Economy must seek common good, says Archbishop

The Archbishop of Canterbury has called for an ethical economy rooted in stability and seeking the common good.

Dr Rowan Williams said the principles of a healthy economy were similar to those of a “working household” in that it should provide an environment in which people could “grow up or wind down” and “work to reinforce the security of the household”.

“Good housekeeping seeks common wellbeing so that all these things can happen and we should note that the one thing required in a background of wellbeing is stability,” he said.

“A theory that wanders too far from these basics is a recipe for damage to the vulnerable, to the regularity and usefulness of labour and to the possibilities human beings have for renewing (and challenging) themselves through leisure and creativity.”

The Archbishop said the economic downturn was the result of trying to structure economic life “independently of intelligent choice about long-term goals for human beings”, those goals being “mutuality” and the common good, he explained.

“The Christian Scriptures describe the union of those who are identified with Jesus Christ as having an organic quality, a common identity shaped by the fact that each depends on all others for their life,” he said.

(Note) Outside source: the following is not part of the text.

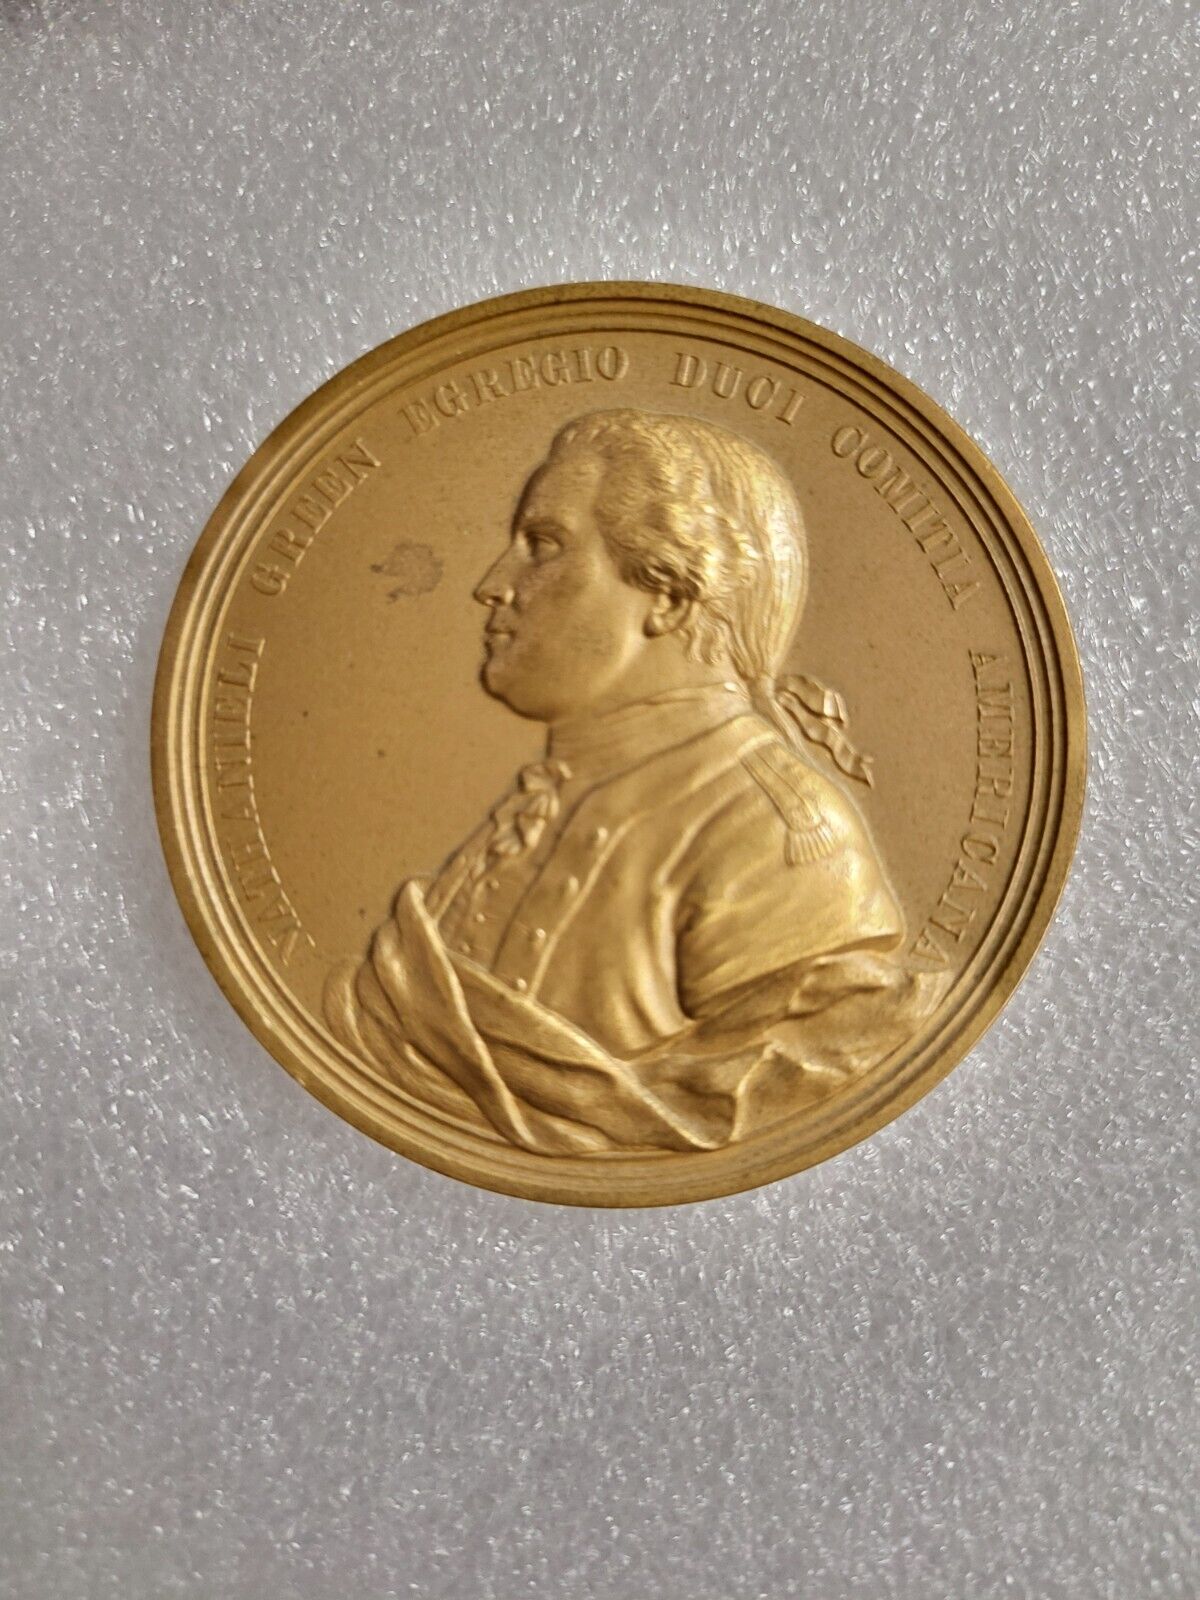 Nathanieli Green Egregio Duci US Comitia Americana US Bronze Medal   96 grams

“The model of human existence that is taken for granted is one in which each person is both needy and needed, both dependent on others and endowed with gifts for others. And while this is not on the whole presented as a general social programme, it is manifestly what the biblical writers see as the optimal shape of human life, life in which the purposes of God are made plain.”

“Helpless alone and gifted in relationship: this is where we start in addressing the world of economics from a Christian standpoint."

He challenged work practices that “regularly reward behaviour that is undermining of family live, driven, relentlessly competitive and adversarial”.

The Archbishop was speaking at a conference hosted by the Trinity Institute, an educational ministry of Trinity Church on Wall Street in New York. The three-day conference explored what an ethical economy might look like and the link between theology and the marketplace.

Also speaking at the conference was University of Chicago Divinity School Professor Kathryn Tanner who said the goals of individuals in a free market system did not have to be selfish or greedy ones.

She said: “Self-interested action becomes equivalent to selfishness only if the only thing one cares about is oneself; but human beings typically pursue, often in part for moral reasons, goals that include the wellbeing of others - the wellbeing at least of the family and friends they love-and the market in that case becomes a way of achieving those ends.”